As the seagoing towrag on attachment to East Ham's tech staff one leave it often fell to me to be left holding the Radio Surveyor's hand (not a requirement except when Harry was on the job). A thorough man indeed.

There is the story (possibly Ron's) of his grasping the mains leads to the DF Set only to find that the insulation remained only between the poles and not on the outside where Harry was then completing the circuit across the mains. I am told he swore the technician in attendance to say nothing of the jig that he danced until disconnected and I certainly did not hear that story until he must have been long gone.

I did take the opportunity to have him sign off on my six months sea time and his signature it is on my MRGC (M/57).


----------



## R651400

#8 .. Siemens SB186 shortwave transmitter PA valve (RF pentode) 4069A.


----------



## Harry Nicholson

R651400 said:


> #8 .. Siemens SB186 shortwave transmitter PA valve (RF pentode) 4069A.

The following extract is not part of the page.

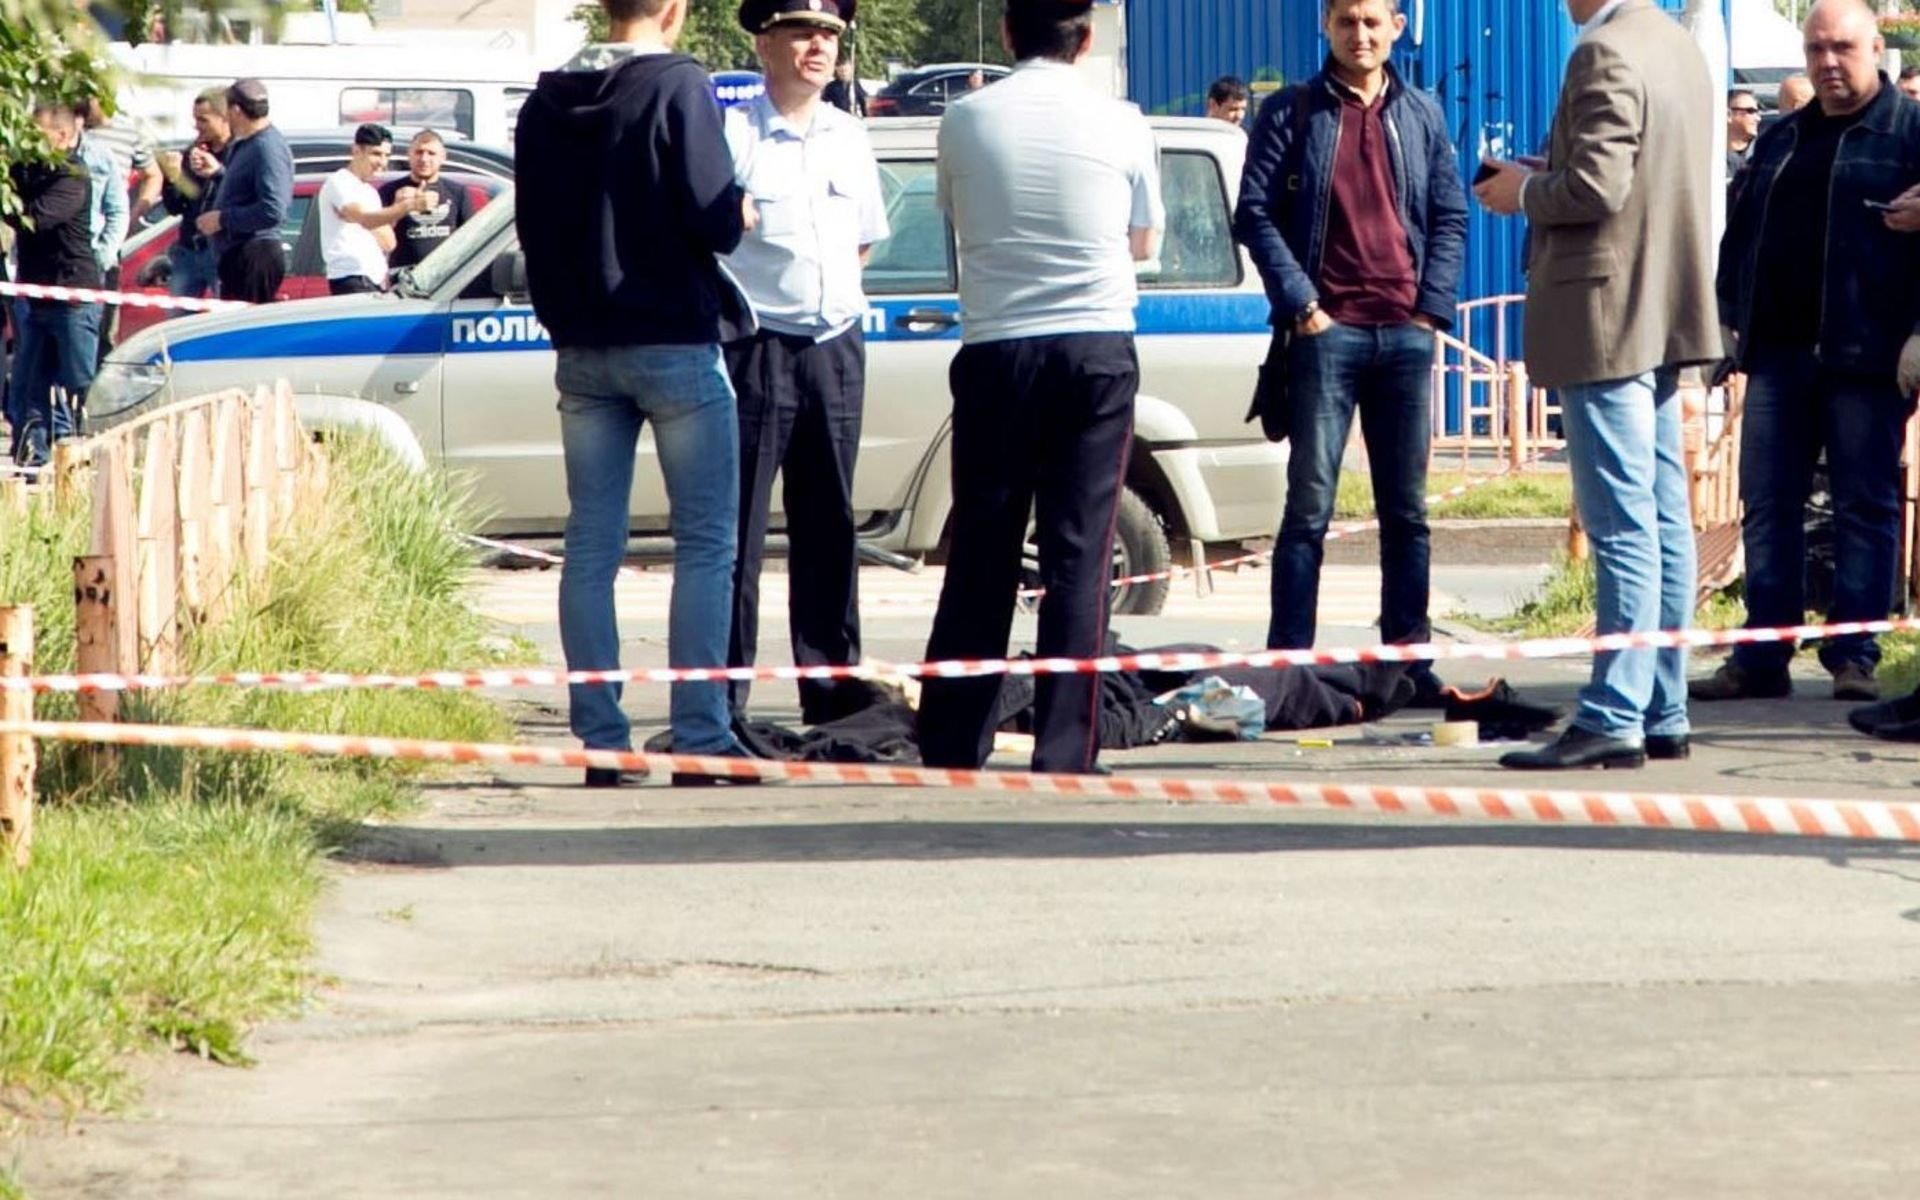 Резня в Сургуте не была случайным эпизодом

That's excellent, good sir. They look to be what I recall. I had it in mind the valve was a beam tetrode - but, as you say, an RF pentode.
You did well to locate that image.


----------



## david.hopcroft

I had a valve tester on my last ship. Had never seen one before, but it turned out to be part of the Chief Eng's gear and the installers didn't know where it was meant to go. I saw off a couple of the 'Used but Good' valves before I got the measure of it !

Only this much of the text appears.